RECORDED INFORMATION ::
******************************

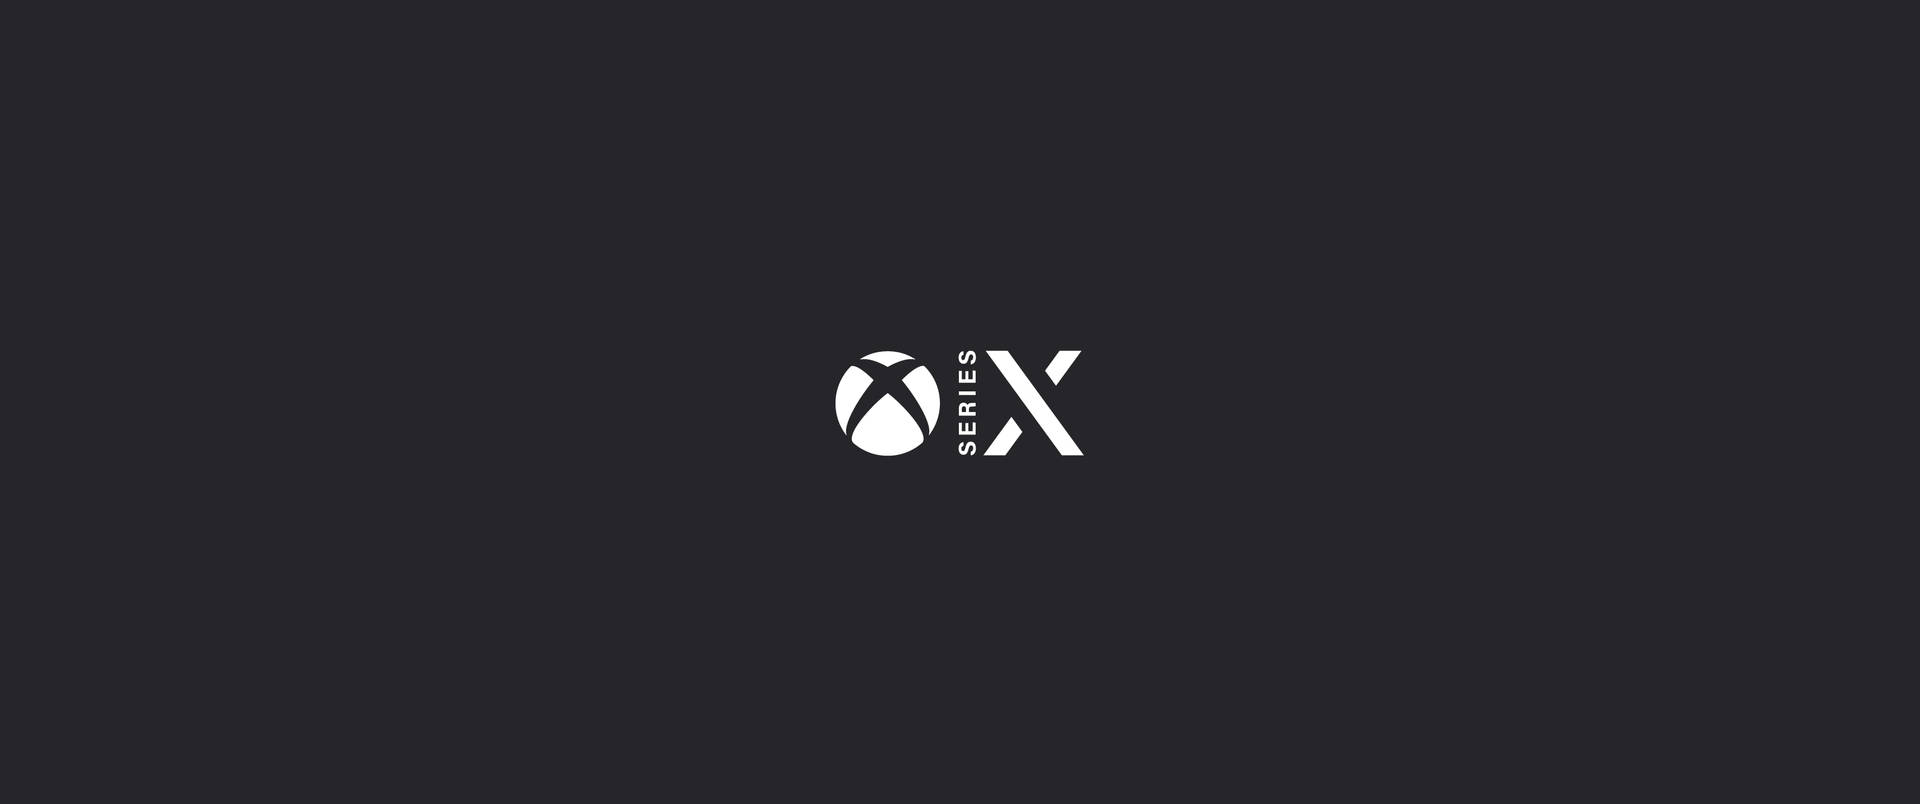 Xbox Series X Minimalist Dark Grey Wallpaper
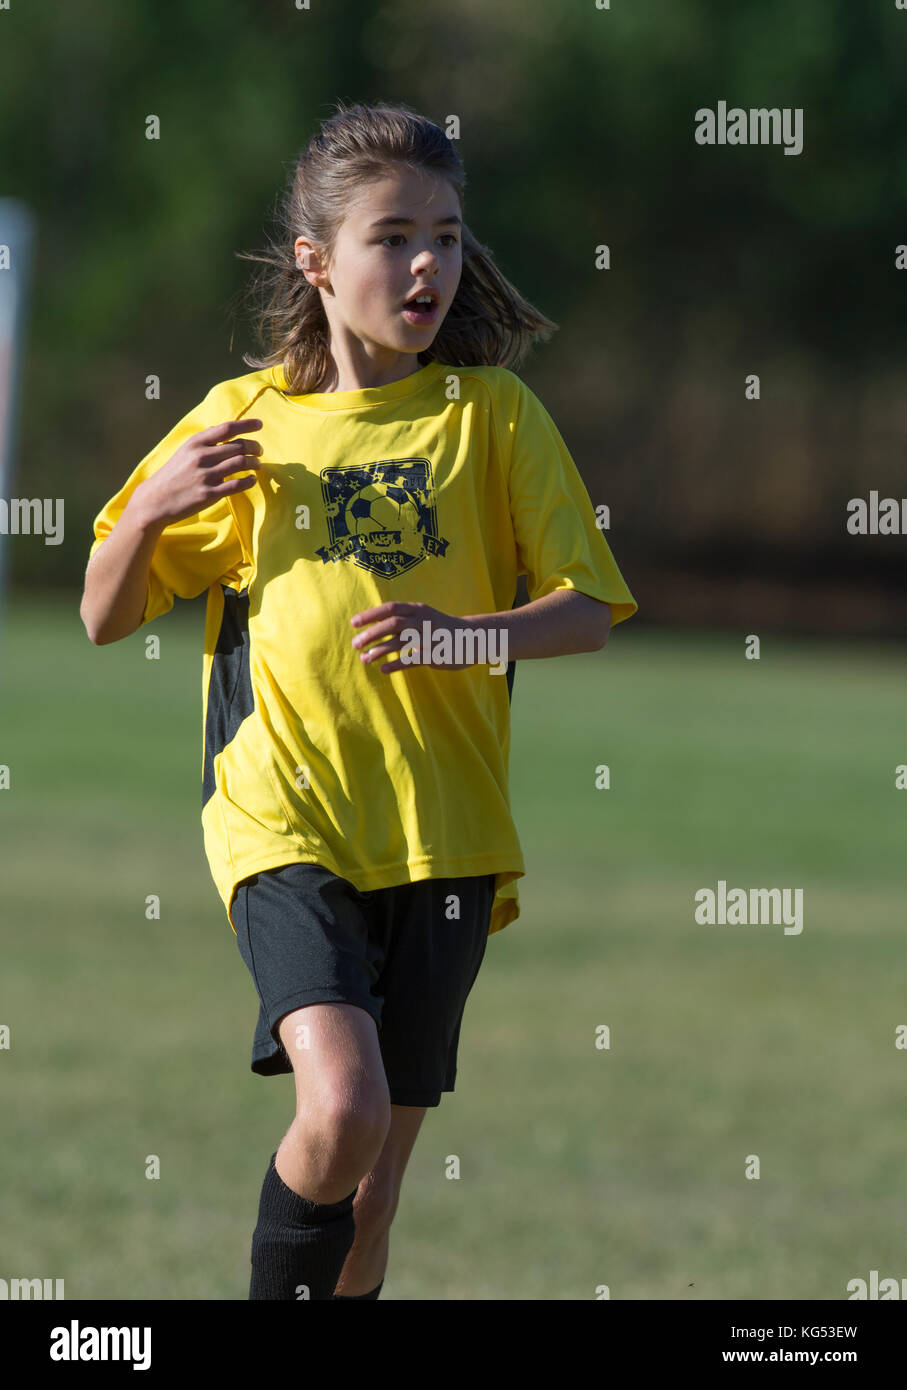 A 9ans fille jouant dans un match de football. moretown, Vermont, Etats-Unis Banque D'Images
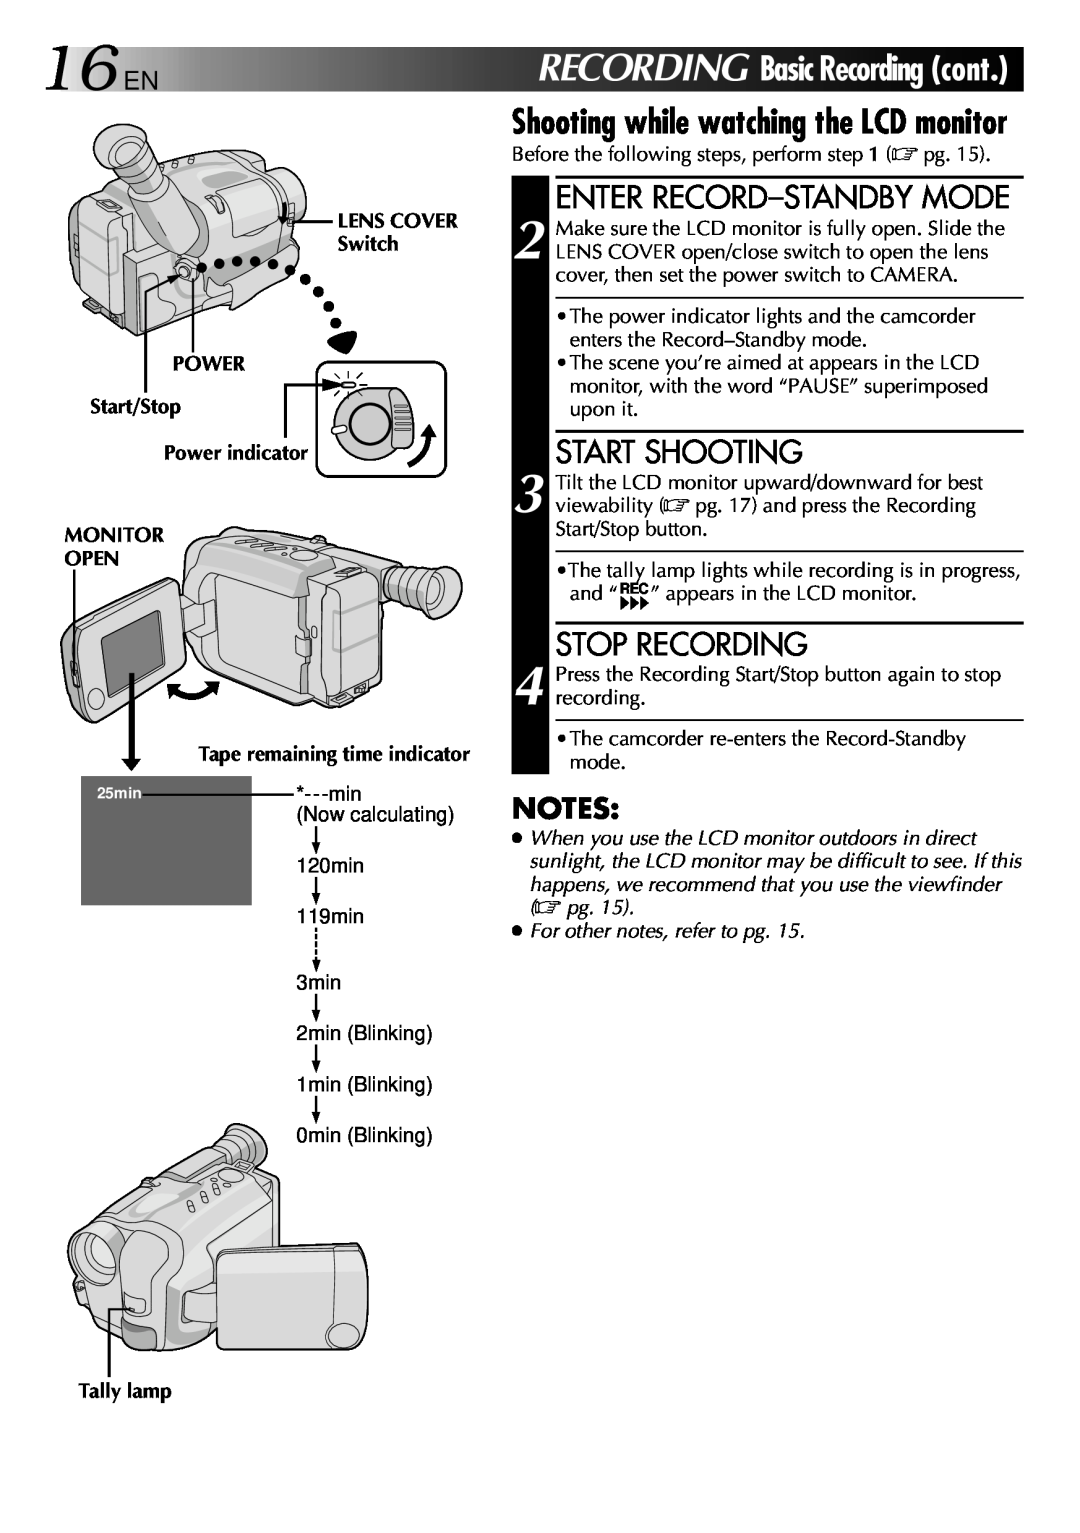 JVC GR-AXM70 manual Enter Record-Standby Mode, Start Shooting, Stop Recording, 16EN RECORDING BasicRecordingcont

******************************

WORK REQUIRED ::
Return the whole listing word for word, minus its pictures.

TASK SOLUTION ::
 Xbox Series X Minimalist Dark Grey Wallpaper
 A 9ans fille jouant dans un match de football. moretown, Vermont, Etats-Unis Banque D'Images
 JVC GR-AXM70 manual Enter Record-Standby Mode, Start Shooting, Stop Recording, 16EN RECORDING BasicRecordingcont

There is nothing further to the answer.